Not surprisingly, 2020 saw the lowest number of announced hospital mergers and acquisitions in a decade. Announced transaction volume has varied from 86 to 117 since 2011, with the total for 2020 standing at 79.
The decline in transactions is multifaceted, owing much to the uncertainty wrought by the COVID-19 pandemic, the slowed cadence of conducting such transactions, and the increasing tension with antitrust regulators overseeing an industry that has definitionally become more concentrated in recent years.
Financial uncertainty makes such transactions difficult to negotiate, particularly in the fog of a historic event that is widely believed to reshape the nation’s social compact and shift how patients utilize care. During such periods, the traditional mechanics of defining value and establishing a fair price for asset acquisition fail as markets look for additional information about how the environment is most likely to normalize.
Thus, the more important question is what to expect as the country exits the pandemic period and markets come to understand and reconcile the characteristics of a normalized environment.
Strengthened Hospital M&A
There are several signals that portend a strong increase in hospital M&A over the course of the next five years.
The first is the most obvious: the aftermath of the COVID-19 period itself. For almost a year, hospitals’ traditional economic mechanisms of driving volume through emergency departments, specialists and procedures have been overtaken by government-mandated suspensions of elective procedures and utilization patterns shifted by patients hesitant to enter medical facilities. The overall financial impact on hospitals remains unknown, but most hospitals across the country are recovering from a serious blow to their balance sheets, federal COVID-19 related aid notwithstanding. As the dust settles, hospitals that were disproportionately impacted by the pandemic period are more likely to seek financial security through an acquisition.
The second is grounded in hospitals’ seeking to better diversify their revenues through expanded services and/or geographies in an environment where government reimbursement remains relatively fixed and counterpressures from purchasing groups (namely governments and employers) increasingly seek risk-oriented relationships that favor strong care management attributes.
Finally, the age-old argument for hospitals’ merging to achieve efficiency and scale will remain supreme.

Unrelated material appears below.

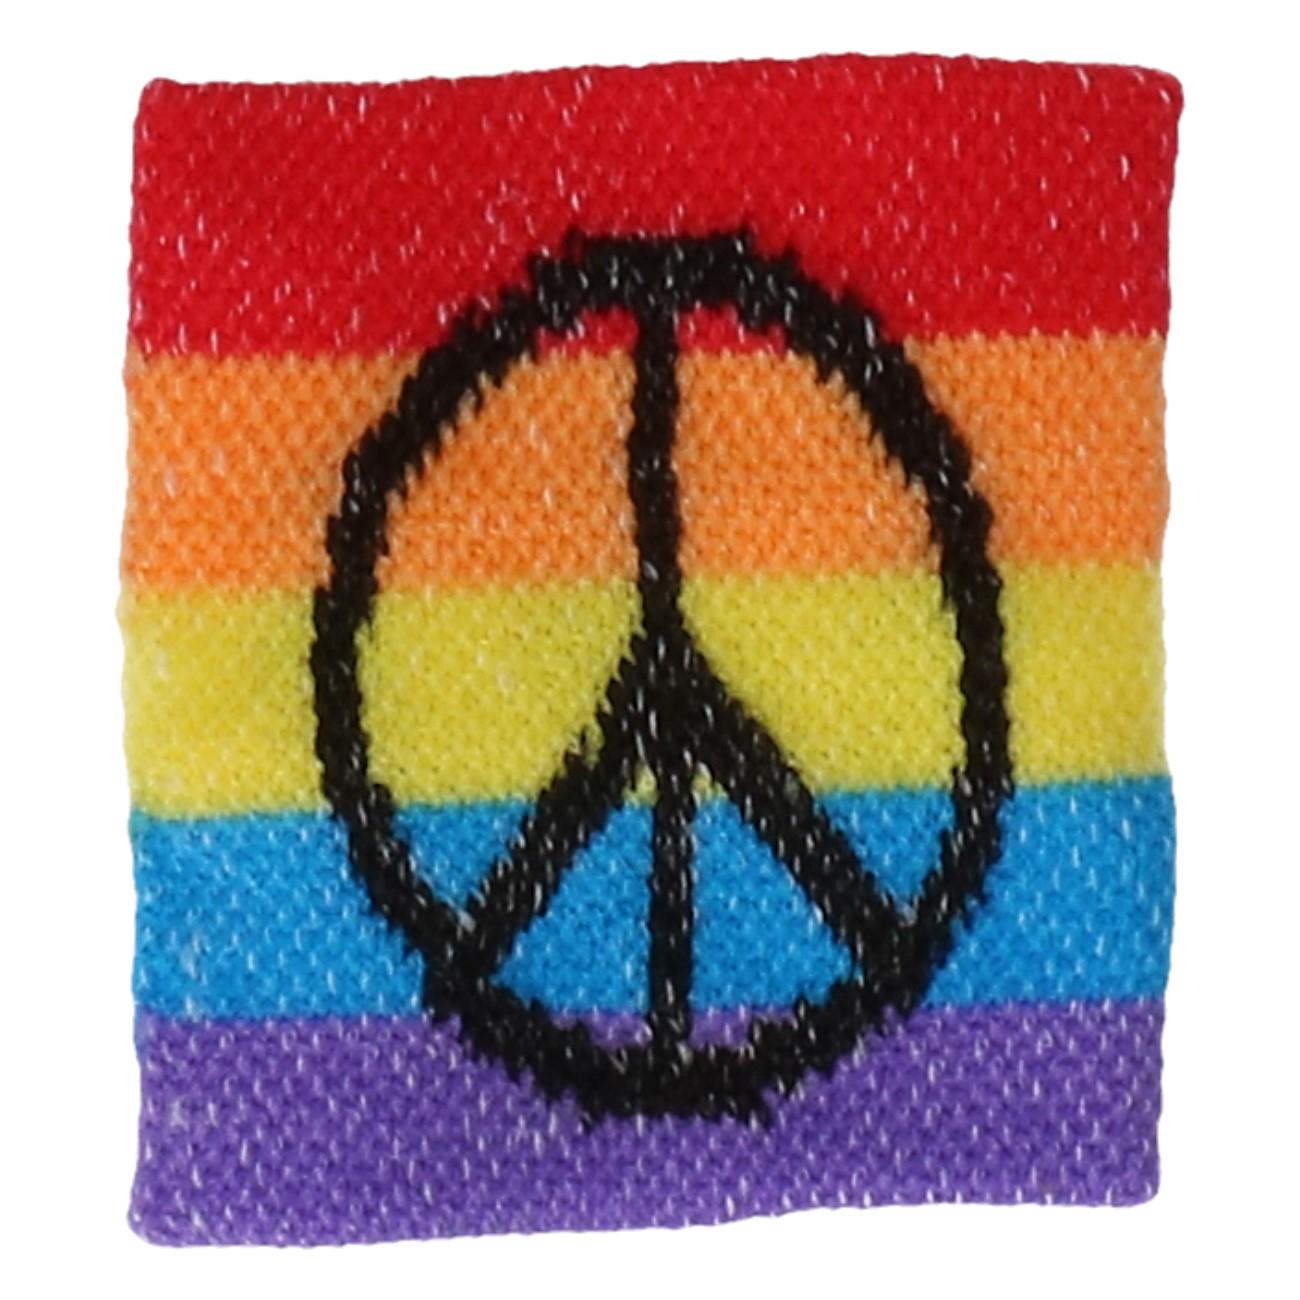 Zweetbandje rasta of peace

Though the evidence is debatable about the real cost efficiencies that come from such transactions (particularly for patients and purchasers), the industry has created persuasive arguments for the merits of consolidating EMRs, technology, services, and locations as a justification for merging.
Weakened Hospital M&A
Alternatively, there are manifest signals pointing to the opposite and indicating we may see a continuation of a relatively weakened M&A environment.
The first signal is the Federal Trade Commission’s recent announcement of acquiring claims data from six national insurance companies to glean better information to more effectively scrutinize provider M&A. This indicates that the FTC will seek to tighten its standards for what constitutes a necessary hospital transaction in markets.
A second sign can be found in the pandemic period itself, as hospitals are seemingly shifting their facility-based approach to M&A in favor of physician consolidation. During the pandemic, approximately 8% of physician practices closed their doors, according to a survey by The Physicians Foundation. Some practices were purchased by systems or payers while others sought employment with hospital systems. This mechanism represents a more subtle way to achieve consolidation of core services without the attention garnered from larger hospital-centric transactions.
Finally, there is reason to believe that certain hospitals may be reluctant to find strength in assuming a higher fixed asset base as we enter a future where telemedicine and home-based services will become more prominent. The pandemic period markedly accelerated non-facility forms of care that are likely to persist. To be sure, the industry will see a normalization of utilization as mobility increases with the onset of the COVID-19 vaccines. However, after a yearlong period of sustained change in how physicians and patients interact, a strategic expectation will be to divest of over-indexed fixed assets in favor of alternative forms of care through nontraditional modalities.
The Bottom Line
Like all healthcare reform in the United States, the truth lies somewhere in the middle and is highly contingent on local market conditions. However, it’s reasonable to expect that the range of reform-related efforts the industry was engaged in prior to the pandemic will accelerate as a result of the sizable shifts in the marketplace. Regulators will do well to guard against transactions that increase consolidation in markets where concentration is already beyond what is viewed as “competitive.”
Further still, there is a unique opportunity to institute important structural changes to the role hospitals play in the system by hitting the gas on alternative payment models, equipping purchasers (employers and consumers) with better information through forthcoming transparency rules, and setting a new baseline for virtual care that has seen increased acceptance by necessity.